Are you full of despair and emptiness? Has life lost its meaning for you and no one could understand your feelings? Do you think there is no future without your loved one? It is possible, if you feel this way that you are suffering from what is often called normal reactive depression. You are frustrated and reacting because something or someone you hold dear is gone.
We are not talking about clinical or biochemical depression here, although reactive depression can progress to the clinical type. Depression caused by the loss of a loved one usually does not require medication, although it is prescribed in some cases, and is temporarily helpful. Here is what you need to know.
1. Not everyone becomes depressed after the death of a loved one. It is completely normal not to suffer from depression because you have to deal with it. However, after the death of a loved one, thoughts and situations often lead to loneliness and resulting depression, which occurs early in grief. It is characterized by disorientation, little motivation, altered self-esteem, lack of meaning, decreased functioning in one’s social circle, restlessness, and low energy.
2. If you are depressed, admit it. Describe it in detail, where it hurts, how it feels. “What message or messages are these feelings giving me?” It is an important question that must be addressed. What do I need to accept? to leave? Refusal to accept the loss is often a root cause of depression. Depending on what you think about your depression will lead to choices that help you either manage it or prolong it.
3. Talk to your best friend. Remember, the more you isolate yourself – which is what depression tends to do – the greater the emotional and physical stress. Saying how you really feel (especially what you fear and how angry you are) to someone you trust yourself with is an excellent antidote for your grief and dealing with depression. Forgiving yourself and others will also relieve you of feelings of depression.
4. Use a universal cure for depression: exercise. Physical activity will have an effect on brain chemistry and help manage depression. Take a 10-15 minute walk, preferably with someone. This will activate endorphins and influence mood.
5. Find a symbol of comfort and guidance. Create a symbol that will bring back loving memories of the person who passed and/or your greater strength that was with you at all times and will help you through your great loss. Keep the symbol in a place where you will see it often and use it as a cue to reflect on loving memories – and to accept life’s new circumstances.
6. Do deep negative beliefs (I can’t go on alone, I’m being punished, I’ll never feel better, I’m worthless, etc.) increase your depression? Reclaim your strength. Take it back from those beliefs that say you are less, not more. I think you can get better. Make contrasting affirmations and keep repeating them throughout the day.
7. Start learning how to tolerate uncertainty. This can be achieved by turning to your spiritual and symbolic beliefs. You will increase your options by allowing your spiritual beliefs to guide you and by strengthening your belief that you will get through this painful loss. Learn what you can and cannot control. You control how you handle major changes; You can’t control what other people say and do or what actually happened.

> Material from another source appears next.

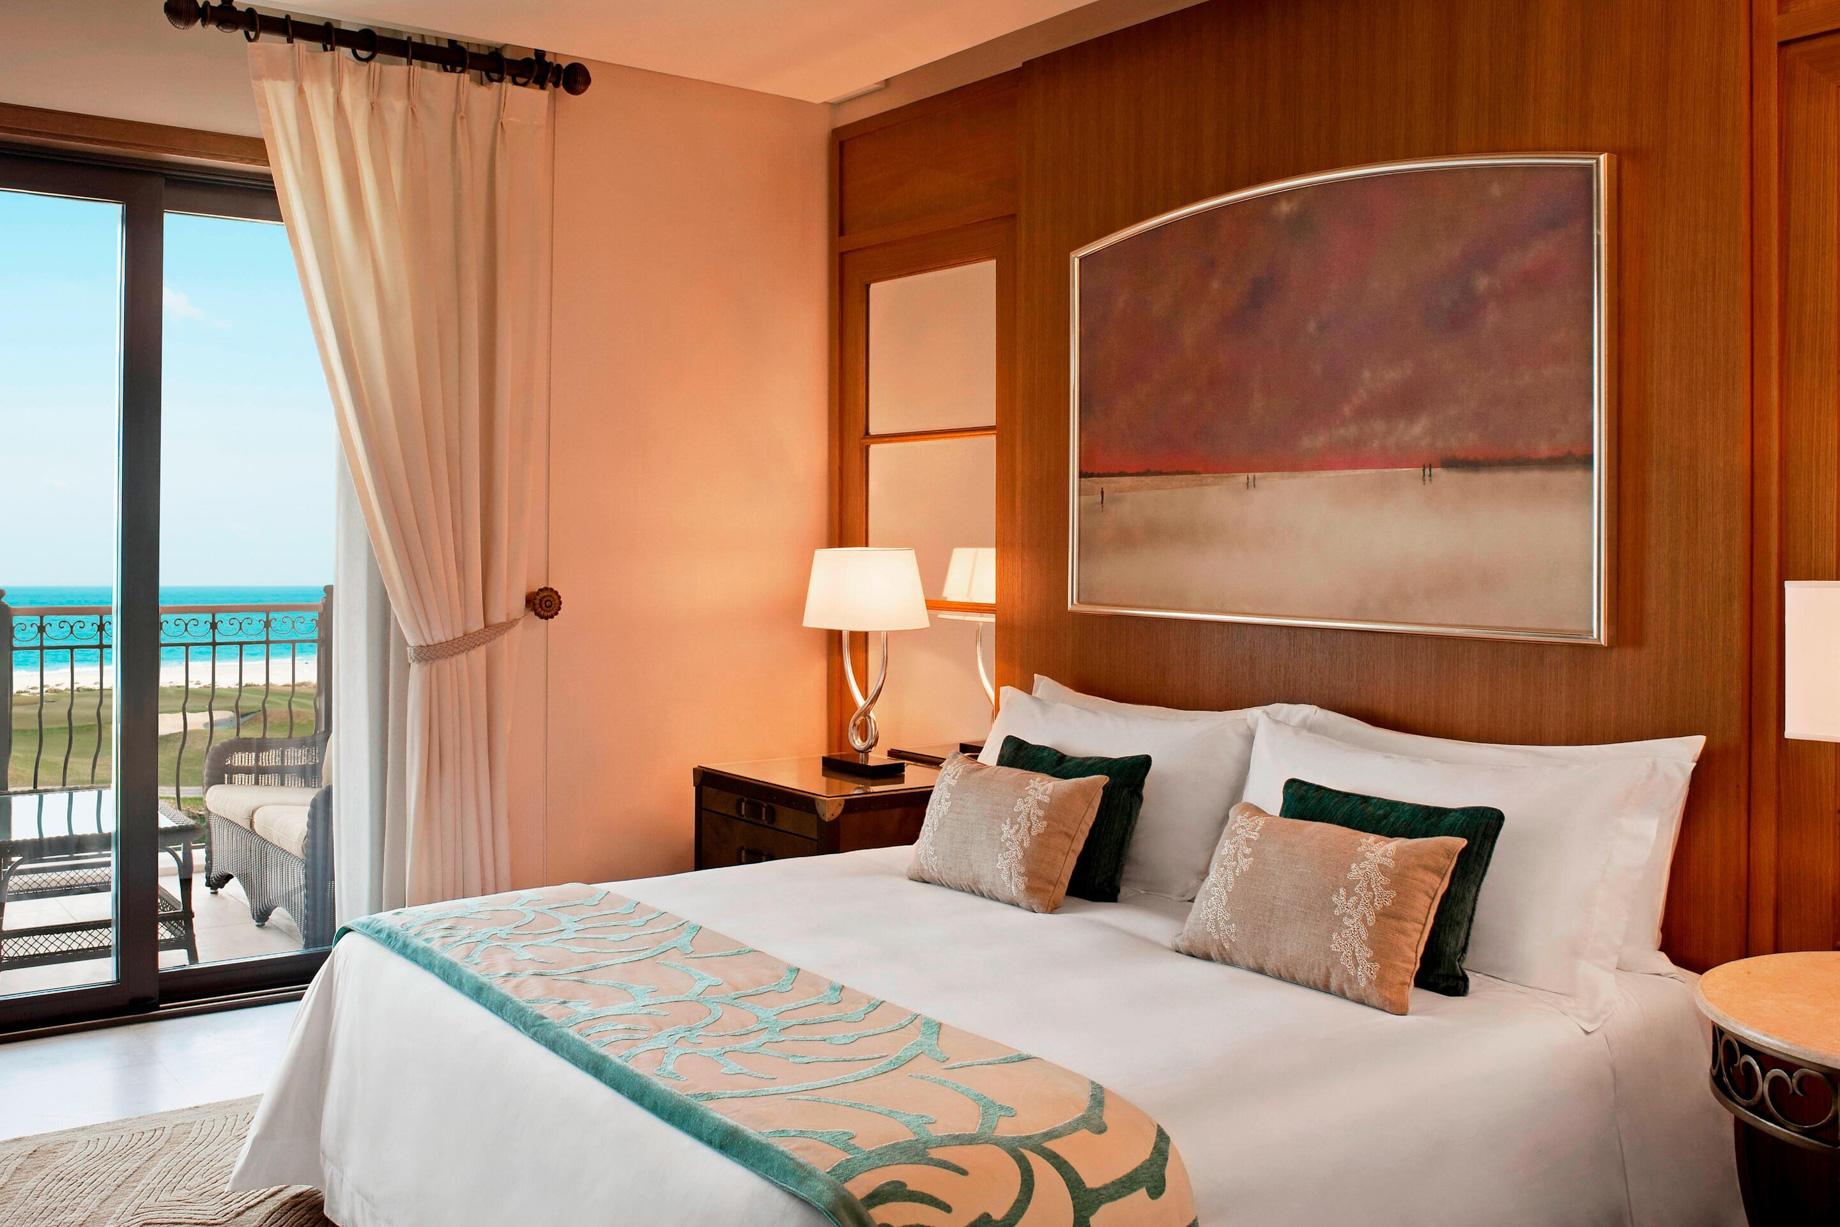 The St. Regis Saadiyat Island Resort – Abu Dhabi, UAE – Ocean Suite Bedroom Interior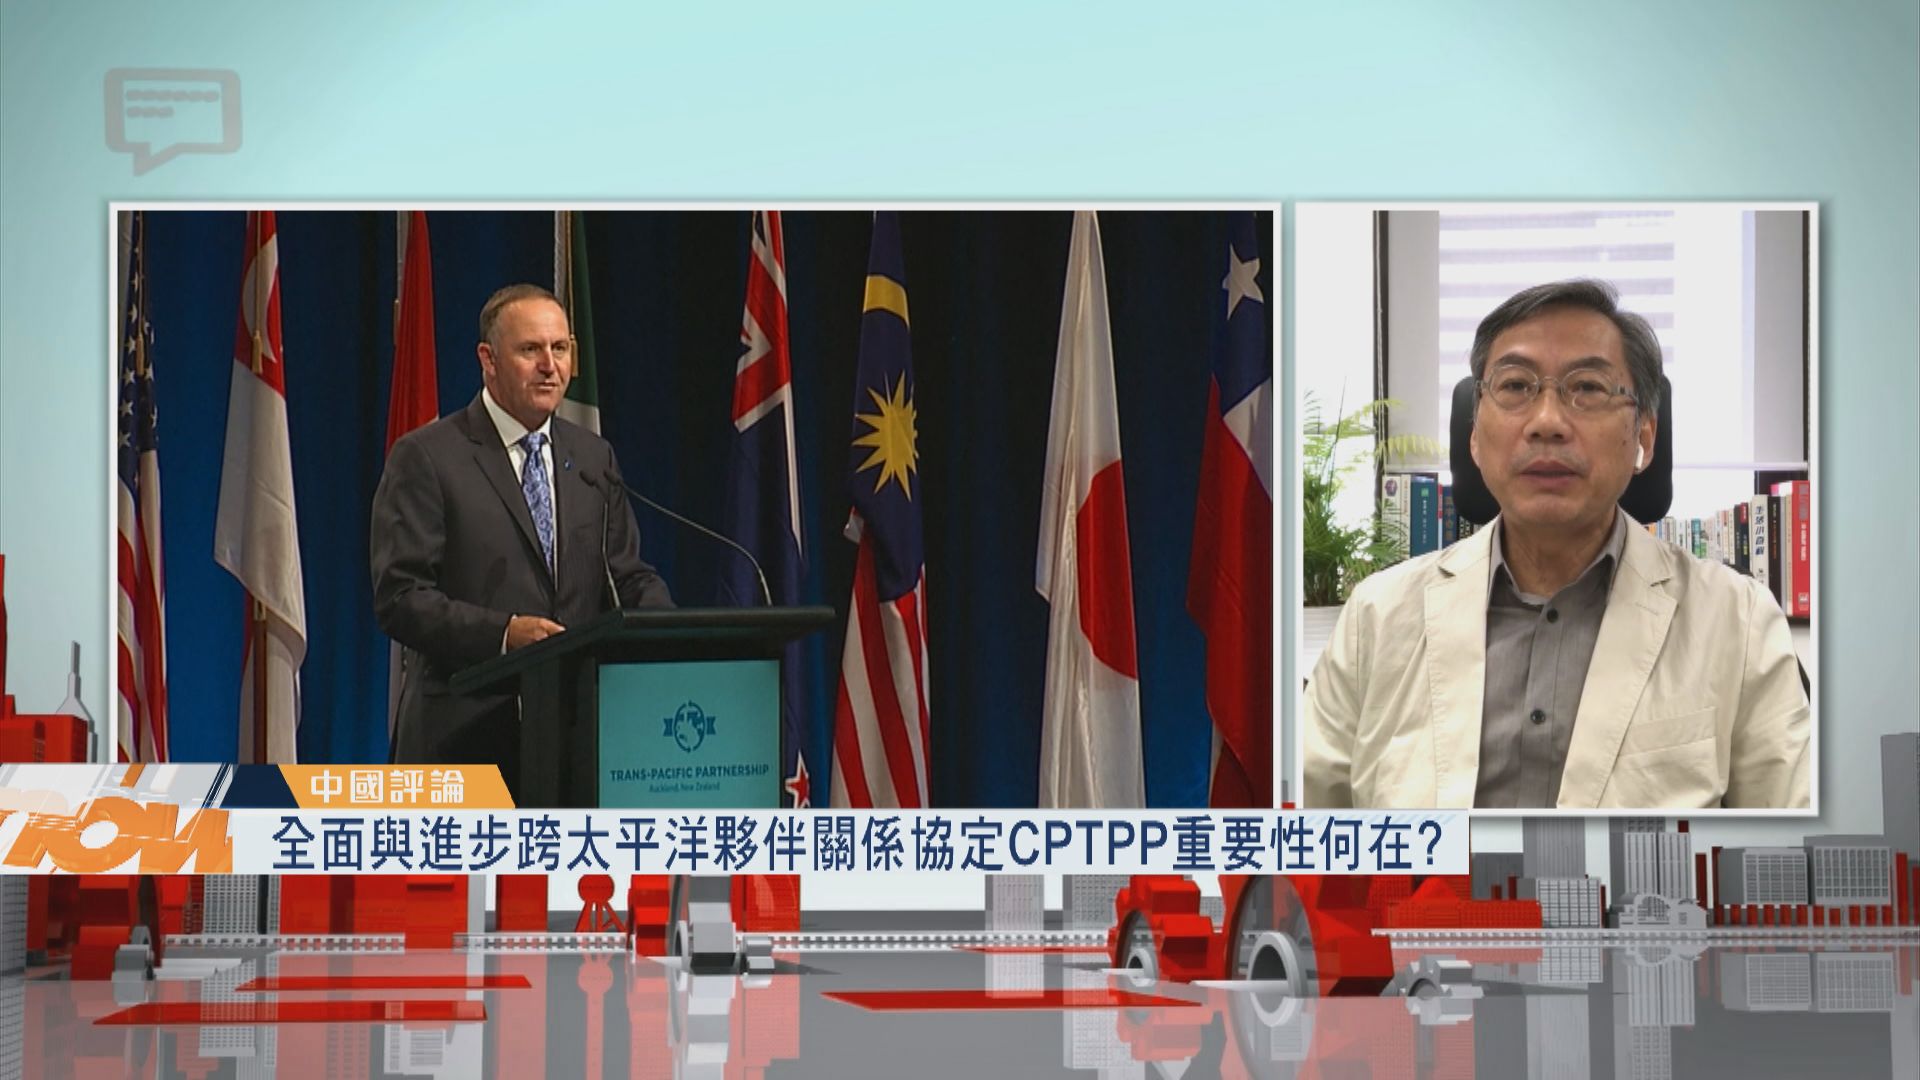 【中國評論】全面與進步跨太平洋夥伴關係協定CPTPP重要性何在?

8. Let possibility educate you to get out of depression. Here is where your imagination can help in a very positive way. Are you open to exploring the many options available for dealing with loss? Start learning about it from others, support groups, readers, and experts. By creating options to deal with fear, anger, guilt, and negative thoughts, you can change your view of what lies ahead.
9. Check your eating habits and whether you have an amino acid deficiency. Consuming protein in all three meals can affect your neurotransmitters and energy levels. Reduce carbohydrates (not complex carbohydrates), sugar, alcohol and fast food consumption, and increase fruits and vegetables. The way you feel physically will either make your depression worse or worse.
Whenever you feel depression creeping back in, immediately ask yourself this key question, “What are my choices here?” If you bury your feelings and don’t face them, depression is a common outcome.
Refuse to withdraw from life. Make connections and express your feelings to a support group or to your best friend. If your symptoms of depression persist for more than two months, be sure to consult a professional counselor. You can move past this dark and light by taking action early (don’t wait for it to get worse) to deal with these overwhelming feelings.